23 Miss. Code. R. 209-1.20

Current through October 31, 2024
Rule 23-209-1.20 - Continuous Positive Airway Pressure (CPAP) With or Without an In-Line Heated Humidifier
A. The Division of Medicaid defines continuous positive airway pressure (CPAP) with or without an in-line heated humidifier as a non-invasive provision of air pressure through nasal administration and a flow generator system to prevent collapse of the oropharyngeal walls during sleep. For the Division of Medicaid's purposes, apneas and hypopneas physiologically represent the same compromise, will be considered as equivalents, and will be referred to as "respiratory events."
B. The Division of Medicaid covers the rental of a CPAP during the three (3) month trial period for all beneficiaries when prior authorized by the Utilization Management and Quality Improvement Organization (UM/QIO), the Division of Medicaid or designated entity, when the following criteria is met:
1. [Reserved],
2. When one (1) of the following is met:
a) The beneficiary experiences fifteen (15) or more respiratory events per hour, or between five (5) and fourteen (14) respiratory events per hour with documentation of the following symptoms:
1) Excessive daytime sleepiness,
2) Impaired cognition,
3) Mood disorders or insomnia, or
4) Documented hypertension, ischemic heart disease, or history of stroke.

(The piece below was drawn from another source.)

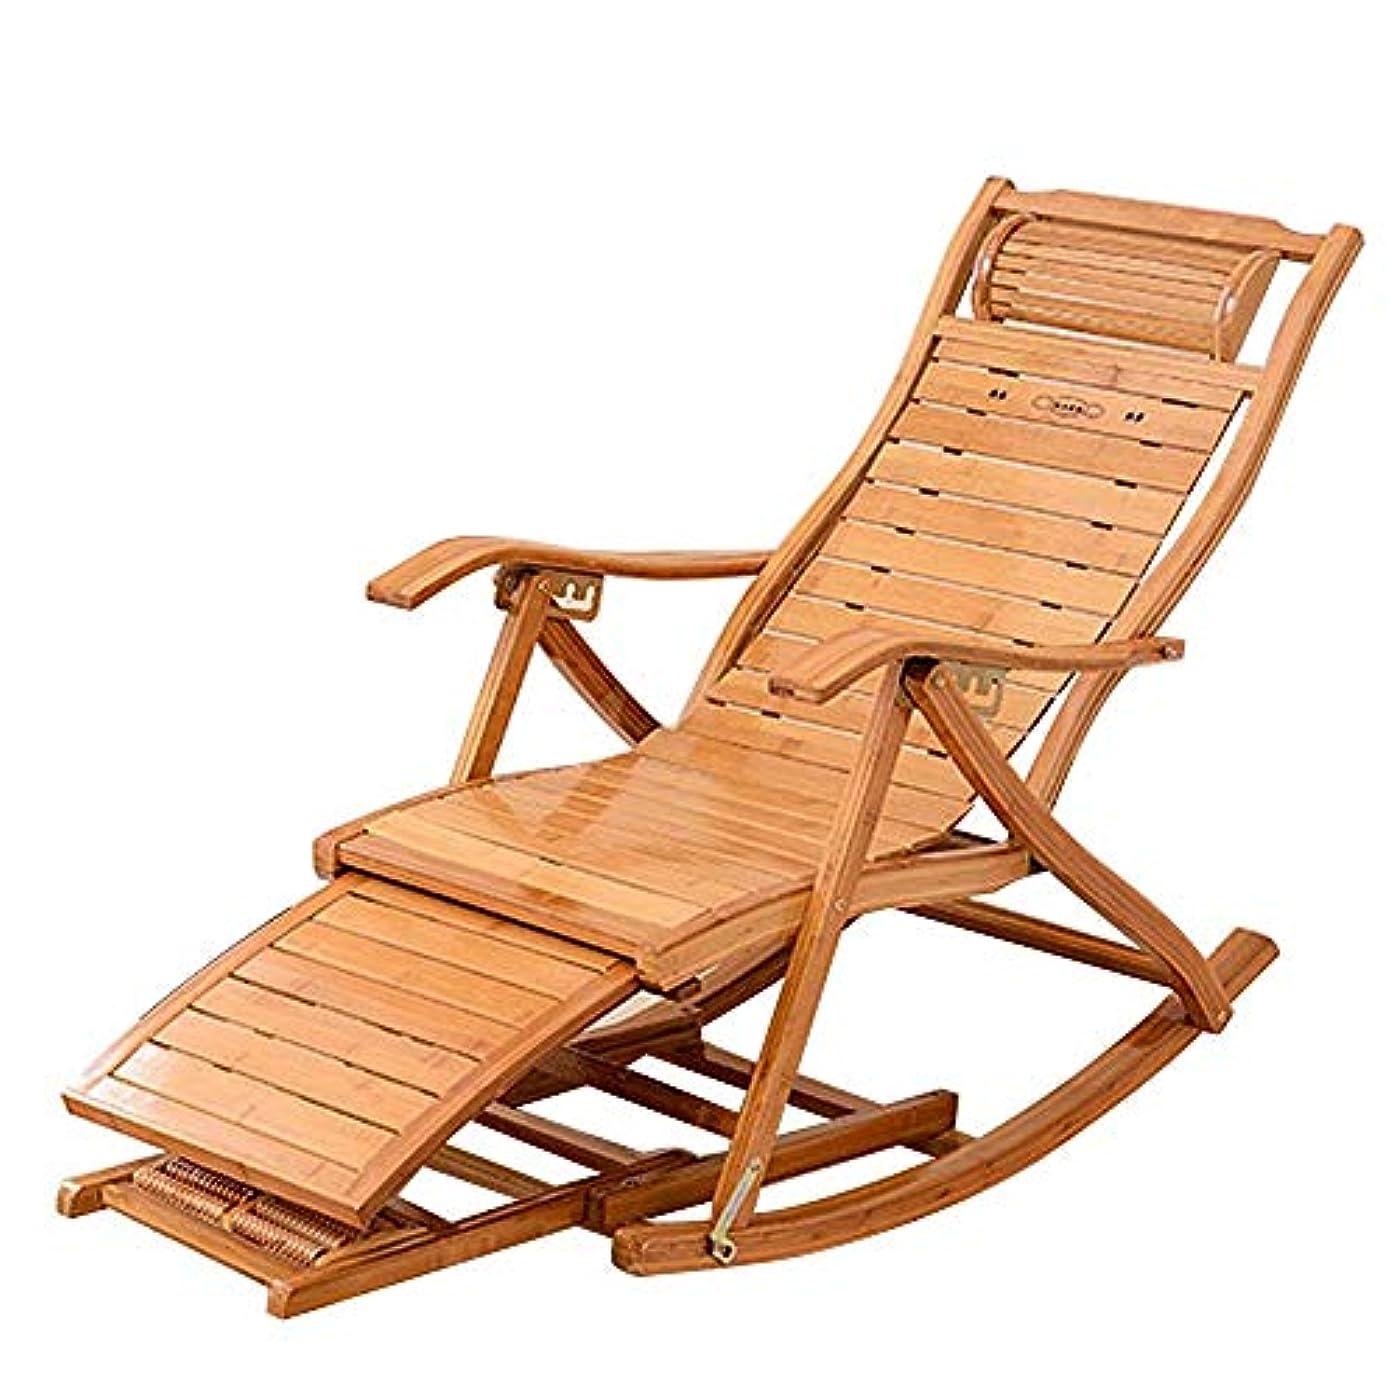 壮大ぼかす達成竹のデッキチェア、引き込み式のフットレストおよびマッサージのローラーが付いている携帯用大人の安楽椅子の庭のバルコニーのための老人の仮眠の椅子

b) The beneficiary is a prepubescent child and the polysomnogram demonstrates an average of one (1) or more respiratory events per hour.
c) The beneficiary is a child who has documented measurements of increased end-tidal carbon dioxide (CO2) values that confirm the presence of obstructive sleep apnea.

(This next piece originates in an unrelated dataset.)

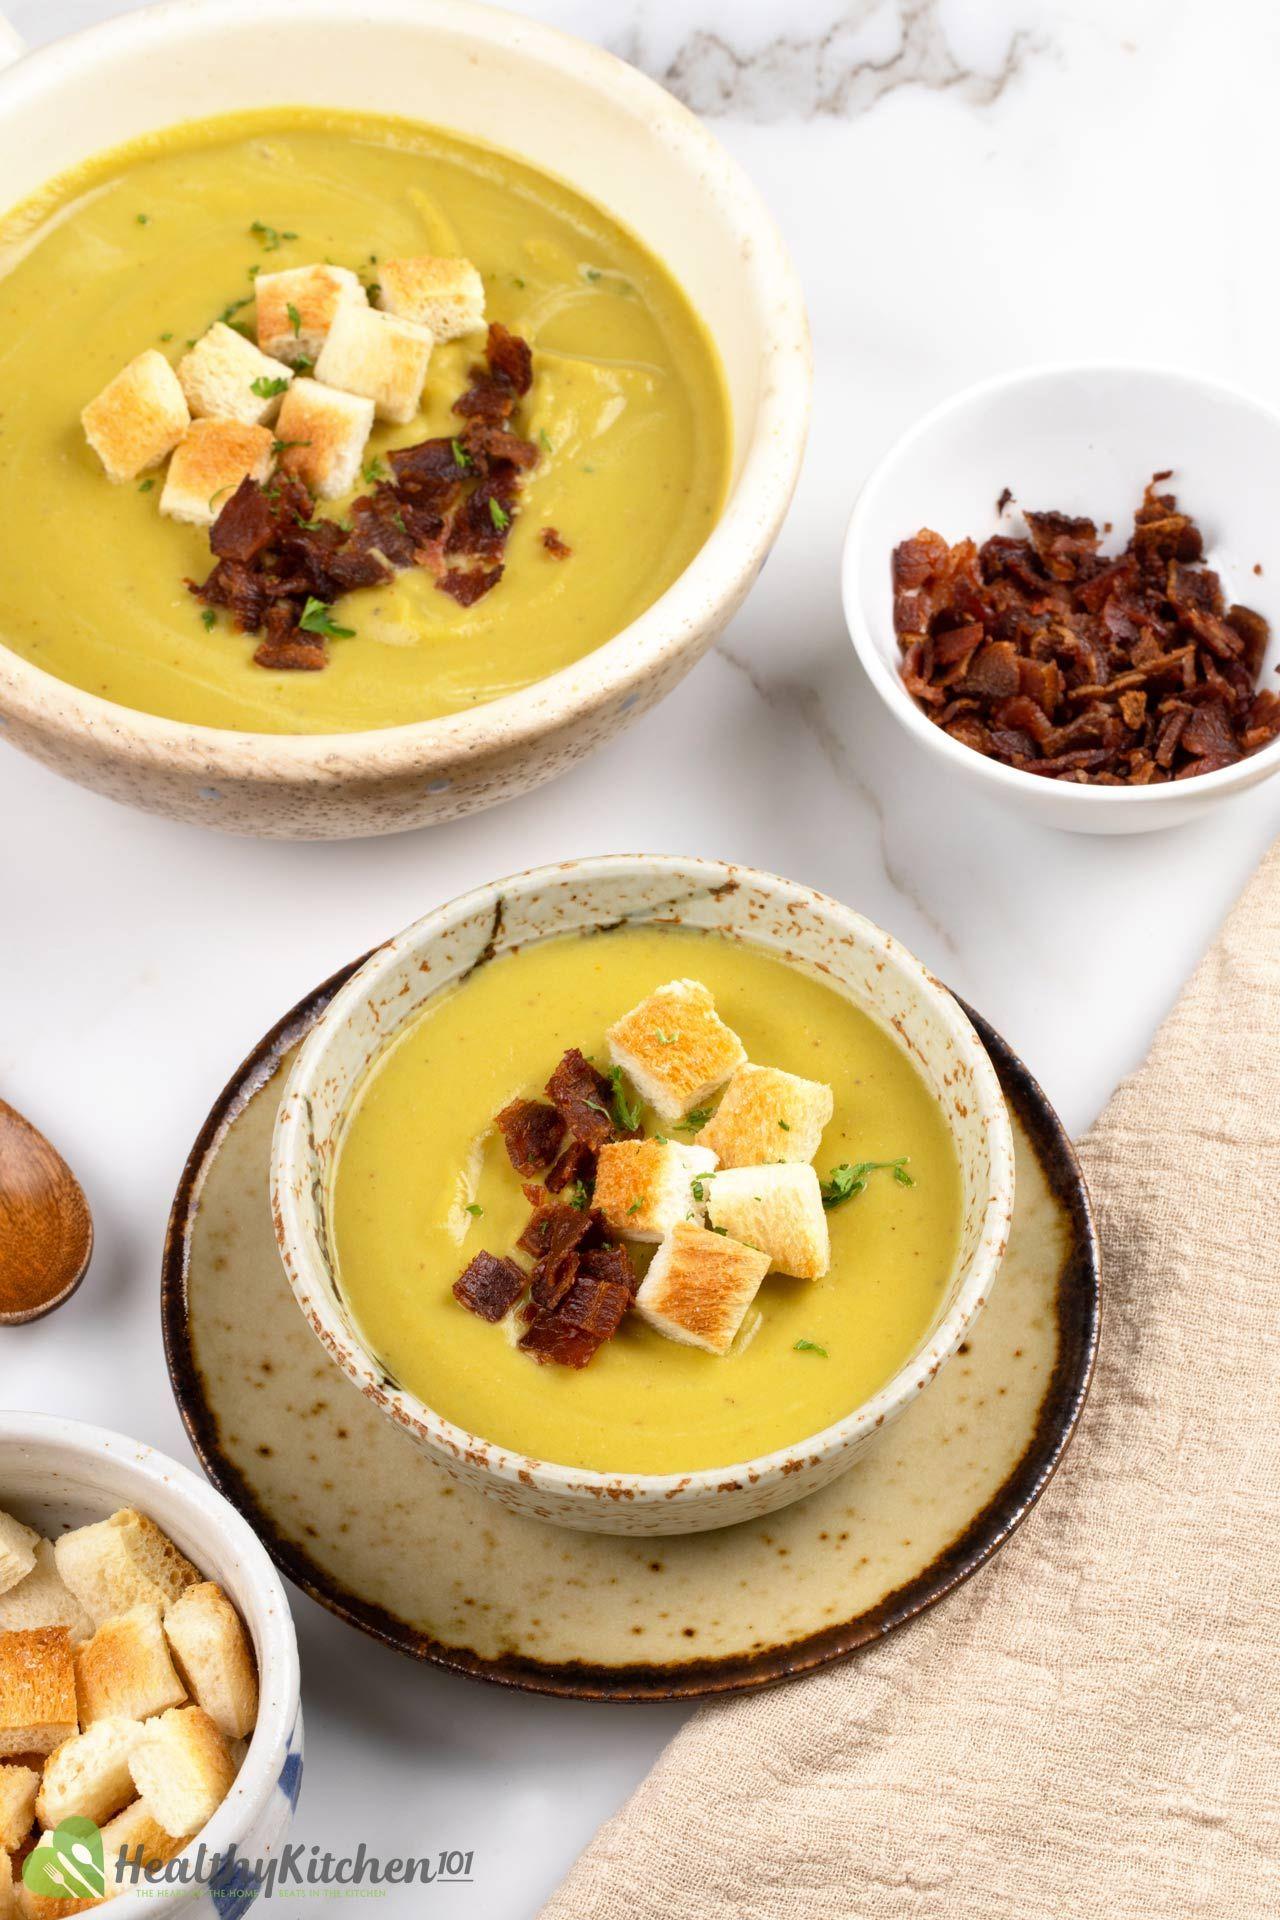 is split pea soup healthy

d) The beneficiary has a diagnosis of upper airway resistance syndrome with the presence of at least ten (10) respiratory related electroencephalogram (EEG) arousals per hour of sleep accompanied by a history of clinically significant daytime sleepiness or documented excessive daytime sleepiness as determined by a Multiple Sleep Latency Test, with a significant reduction in EEG arousals following administration of CPAP.
C. The Division of Medicaid will review, for determination of coverage for a CPAP, with appropriate documentation, the following medical conditions:
1. Persistent hypoxemia of oxygen saturation (SaO2) less than ninety percent (90%) during sleep even in the absence of obstructive sleep apnea,
2. Central sleep apnea,
3. Chronic alveolar hypoventilation syndrome,
4. Intrinsic lung disease,
5. Neuromuscular disease.
D. After the initial three (3) month trial period, the CPAP may be recertified up to seven (7) additional months with a CPAP Compliance Certificate of Medical Necessity completed by the ordering physician.
1. If the equipment was not effective or, if the beneficiary was non-compliant, the equipment must be returned to the vendor.
2. The rental fees paid for the three (3) month trial period will apply toward the maximum reimbursement for purchase.
3. After ten (10) consecutive months of rental, including the trial period, the CPAP is owned by the beneficiary.
E. The Division of Medicaid reimburses the DME supplier for the supplies listed below:
1. Full face mask used with a positive airway pressure device,
2. Face mask interface, replacement for full face mask,
3. Replacement pillows for nasal application device,
4. Replacement cushion for nasal mask interface,
5. Nasal interface, either a mask or cannula type, used with positive airway pressure device with or without head strip,
6. Headgear used with positive airway pressure device,
7. Chin strap used with positive airway pressure device,
8. Tubing used with positive airway pressure device,
9. Disposable Filter, used with positive airway pressure device,
10. Non-Disposable Filter, used with positive airway pressure device,
11. Oral interface used with positive airway pressure device,
12. Combination oral/nasal CPAP mask,
13. Replacement oral cushion for oral/nasal mask,
14. Replacement nasal pillows for oral/nasal mask, and
15. Humidifier water chamber.
F. Division of Medicaid does not cover for more than the usual maximum replacement amount unless documentation is submitted that justifies a larger quantity in the individual case.

23 Miss. Code. R. 209-1.20

42 U.S.C. § 1395 m; Miss. Code Ann. §§ 43-13-117, 43-13-121.